3. dark_property_discovery

Decision it drives: Which buildings are invisible to the inspection system?

Extracts and ranks properties that appear in city records (permits, violations, 911 calls) but have zero recorded fire inspections. Four classification types identify the specific bureaucratic failure mode (e.g., "Active permit, zero inspections" or "12 open violations, no follow up").

4. nfpa_response_compliance

Decision it drives: Which stations need more resources to meet their response time mandate?

Per station analysis of NFPA 1710 compliance (5 minute 20 second response target for 90% of calls). Cross references with the count of high risk properties in each station's coverage area to quantify the gap between risk exposure and response capability.

5. compliance_funnel

Decision it drives: Are we actually resolving the violations we cite?

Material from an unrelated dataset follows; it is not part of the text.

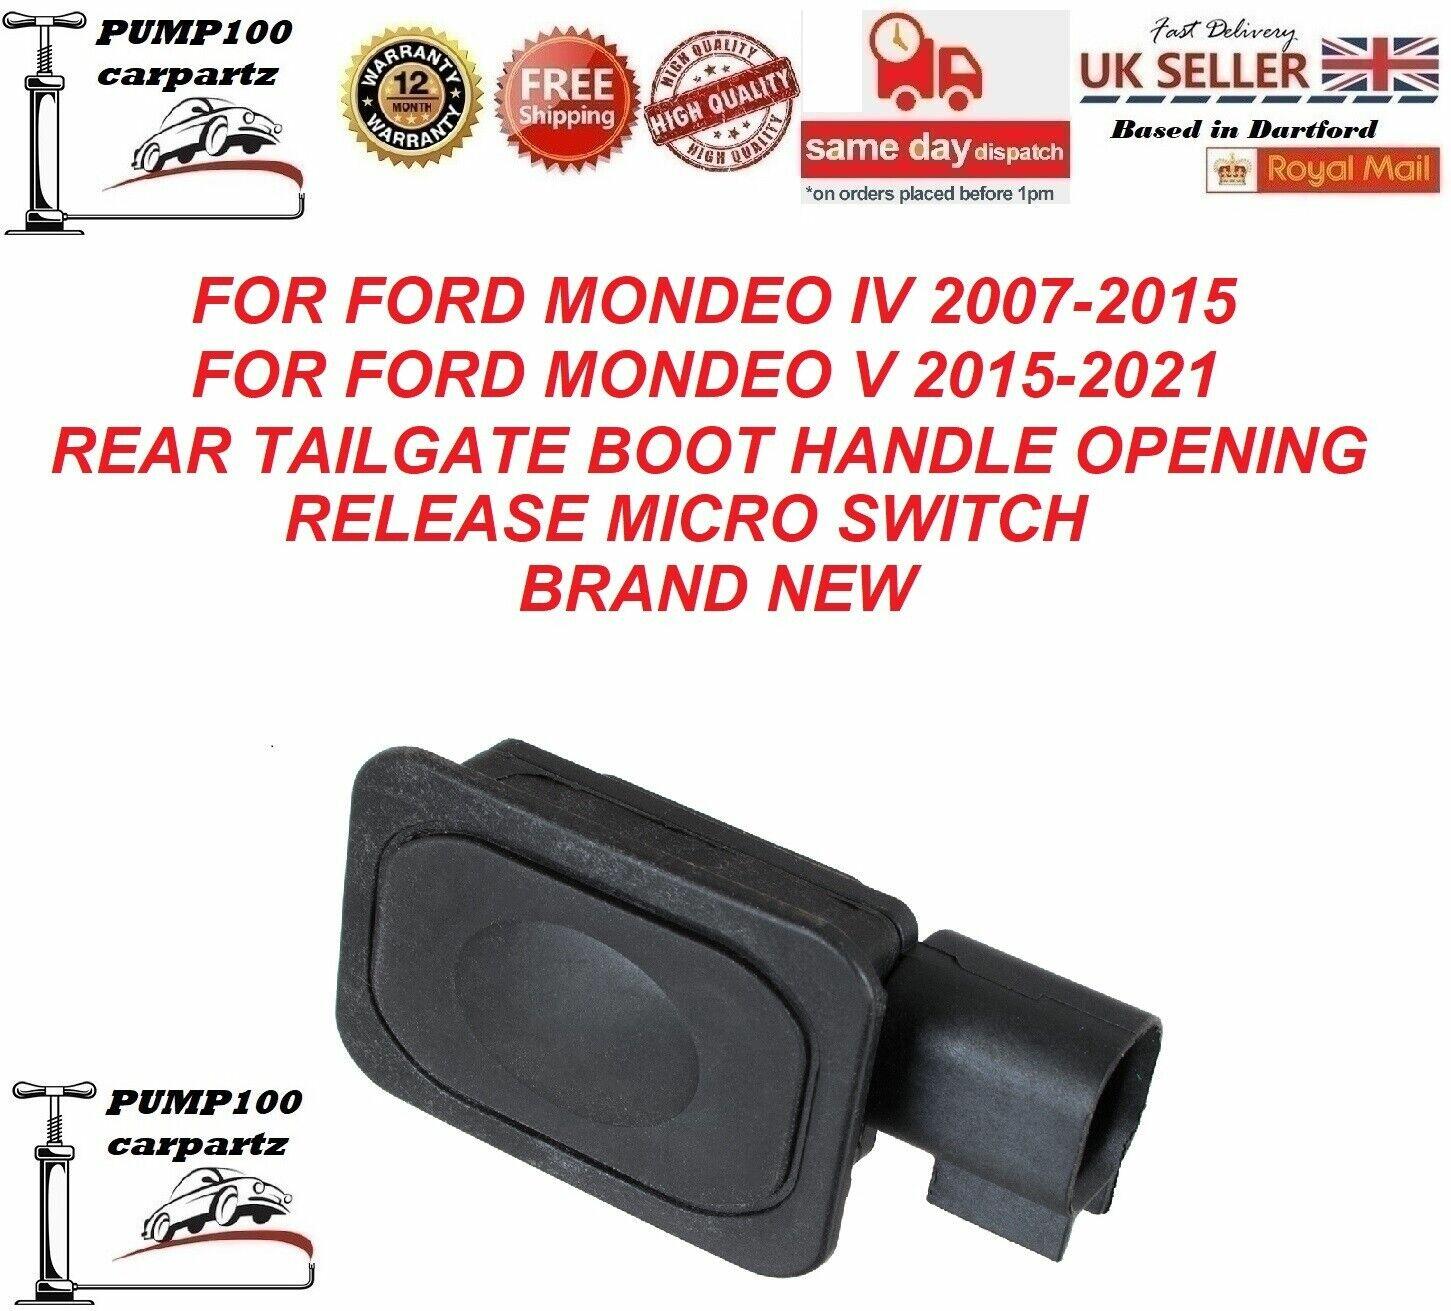 FOR FORD MONDEO 2007-2021 REAR TAILGATE BOOT OPENING HANDLE RELEASE MICRO  SWITCH

Per district tracking of violation filing to closure pipeline. Computes closure rates and identifies districts with systemic backlogs of unresolved violations.

6. fairness_coverage

Decision it drives: Are inspection resources allocated proportionally to risk?

Compares the actual number of inspections each district receives against the inspection volume it should receive based on its share of citywide risk. Districts are flagged as UNDER_SERVED or OVER_SERVED with a coverage gap percentage.

7. model_health_drift

Decision it drives: Is our scoring model still accurate, or has the underlying data shifted?

Monitors the Population Stability Index (PSI) for all key features in the scoring model. A PSI above 0.25 indicates significant distribution drift, signaling that model retraining is needed. All features currently show PSI of 0.01 (STABLE).

8. dashboard_stats

Decision it drives: What are the headline numbers for a Fire Chief's daily briefing?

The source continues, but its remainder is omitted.